Kathy Carter Gastle, who was mayor of the town of Halton Hills from 2000 to 2003, remembered the Laird home as a very happy place where people were always welcome. The house was spotless and well-decorated, and Joy’s mother was a kind and cheerful woman, and a splendid cook who liked young people.

Kathy Carter grew up looking through her godmother’s scrapbooks. She heard a great deal about Stuart Macdonald from Joy as a fondly remembered childhood chum. Although Kathy never actually met the fabled Stuart Macdonald, he was a fixture in Joy’s stories of her own childhood. Joy had always loved children, and took her position as godmother to Kathy Carter very seriously, giving her many advantages, such as special trips that she would not otherwise have had as a youngest child in a large family. They were as close as mother and daughter until Joy’s death. At the end of her life, Joy gave Kathy a red silk pouch full of the school crests from Stuart’s letters, which she had carefully clipped off each letter before she destroyed the letter itself.

The community did not look down on the Laird family, and after Maud’s Norval journals were published, people wondered over the malice directed at them. Perhaps when Maud complained about the fact that she couldn’t imagine where Ewan’s salary went, she may have suspected that Ewan—like many other respectable men wanting their “nip”—dropped in to pick up the occasional refill for his cough syrup from Lou Laird’s little “Blue Room.” Maud gave Ewan drinks of her own homemade wine, but she would not have sanctioned his patronizing Lou Laird. Perhaps she worried that her sons were being corrupted by Lou’s liquor, too.

In Jane of Lantern Hill, Maud disapproves of parents meddling in their children’s love matches. But the writer of fiction had an objectivity that the mother of sons did not. As Maud once told Violet King, writers have no special immunity to human frailty and folly.

William Arthur Deacon

When William Arthur Deacon wrote about her books with such lofty contempt, and elbowed her out of the CAA executive, he deprived Maud of doing public service in the world of letters, as well as the celebrity status she had worked hard to achieve.

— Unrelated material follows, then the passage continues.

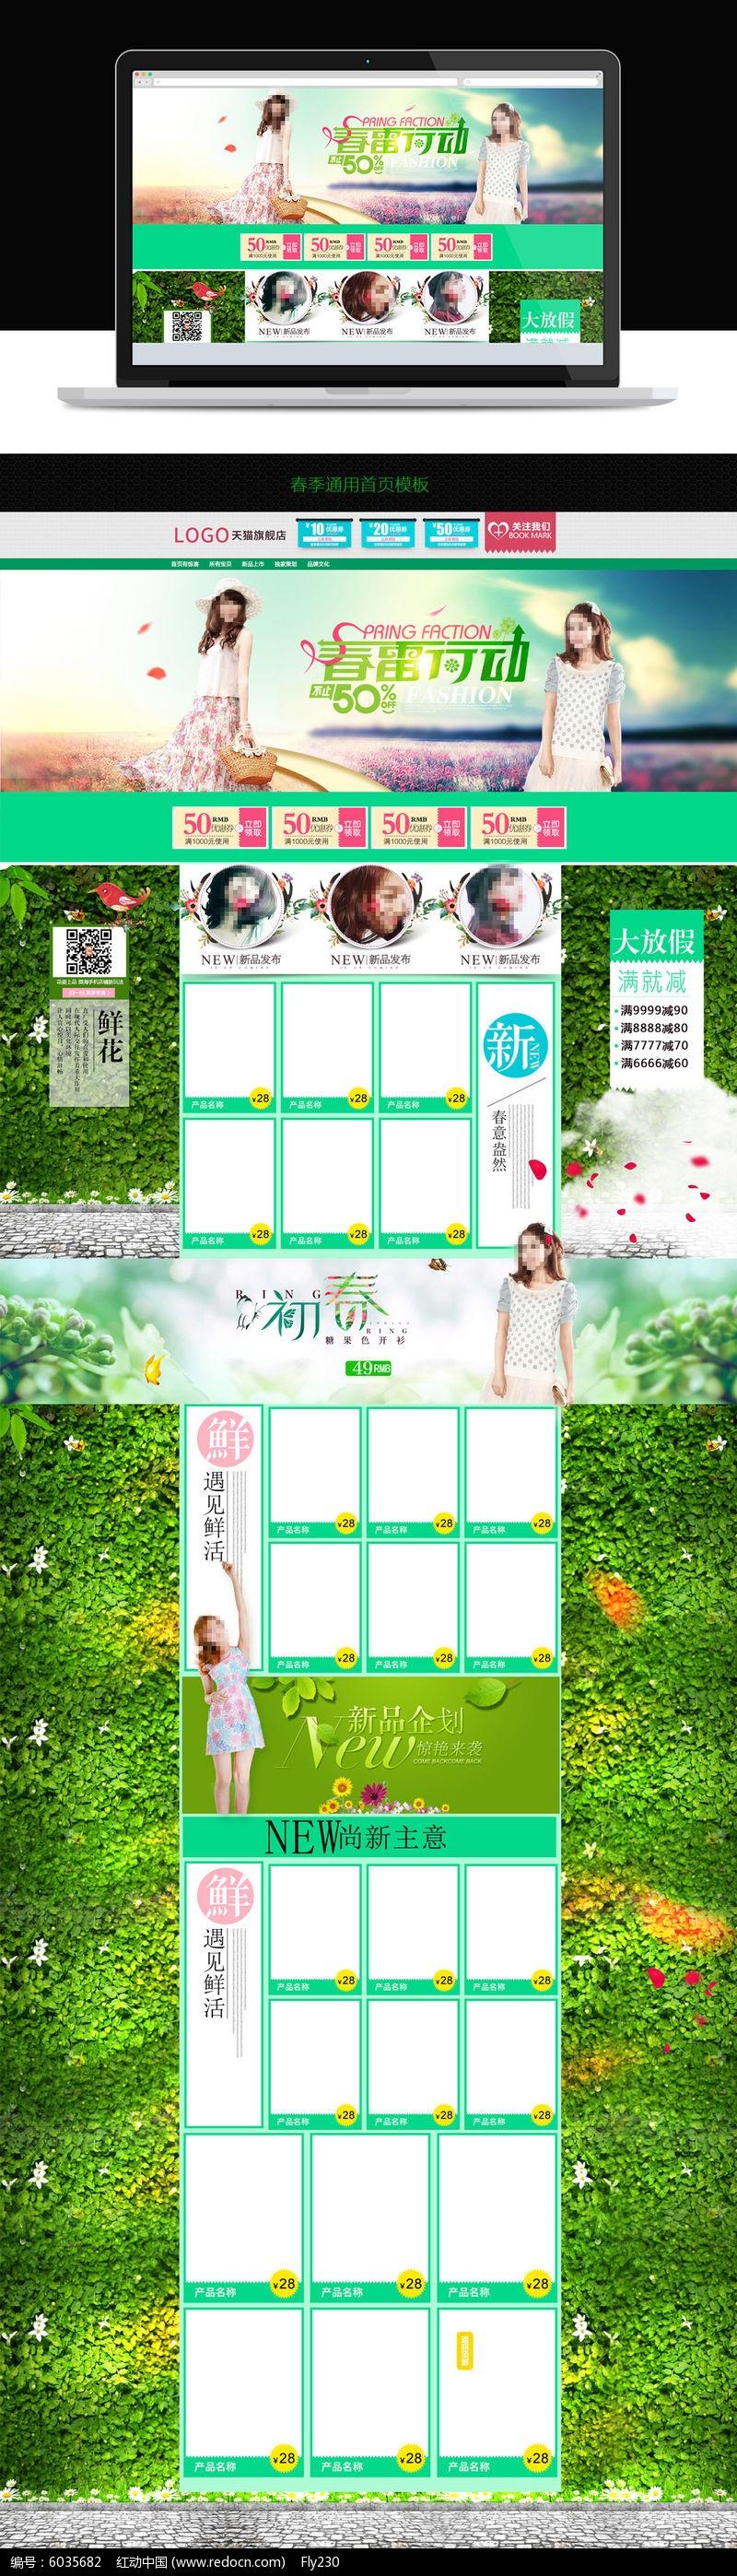 淘宝天猫春季女装美妆首页模板图片

Deacon lived to a ripe old age, dying in 1977 after long service as literary editor of The Globe and Mail, from 1936 until 1961. In an unfinished manuscript about his influential career, he wrote, “Uniquely among Canadians, Miss Montgomery understood the minds and hearts of adolescent girls, about whom she wrote in a manner completely acceptable to them.” He observed that her books were popular in Japan, and he couldn’t resist remarking that this resulted in Japanese girls writing the literary editor of The Globe and Mail (e.g., Deacon himself), asking to put them in touch with Canadian pen-pals. Patronizing to the end, he added: “The P.E.I. Branch of the I.O.D.E. has shouldered this problem [italics added].”

Postscript

Readers of Maud’s journals and this biography will ponder over what ultimately brought her to such a sad end. Would different choices have enabled this gifted woman—who wrote books that have brought joy to so many adults and young people all around the world—to find more satisfaction in her own life? Maud herself was addicted to asking “what if?” (see her journal entry of November 25, 1933). In her final years, she began to suspect that she was the author of much of her own misfortune, and she combed her journals for clues. But she was equally given to quoting the Persian poet, Omar Khayyam:

The Moving Finger writes, and, having writ,

Moves on; nor all thy Piety nor Wit

Shall lure it back to cancel half a Line

Nor all thy Tears wash out a Word of it.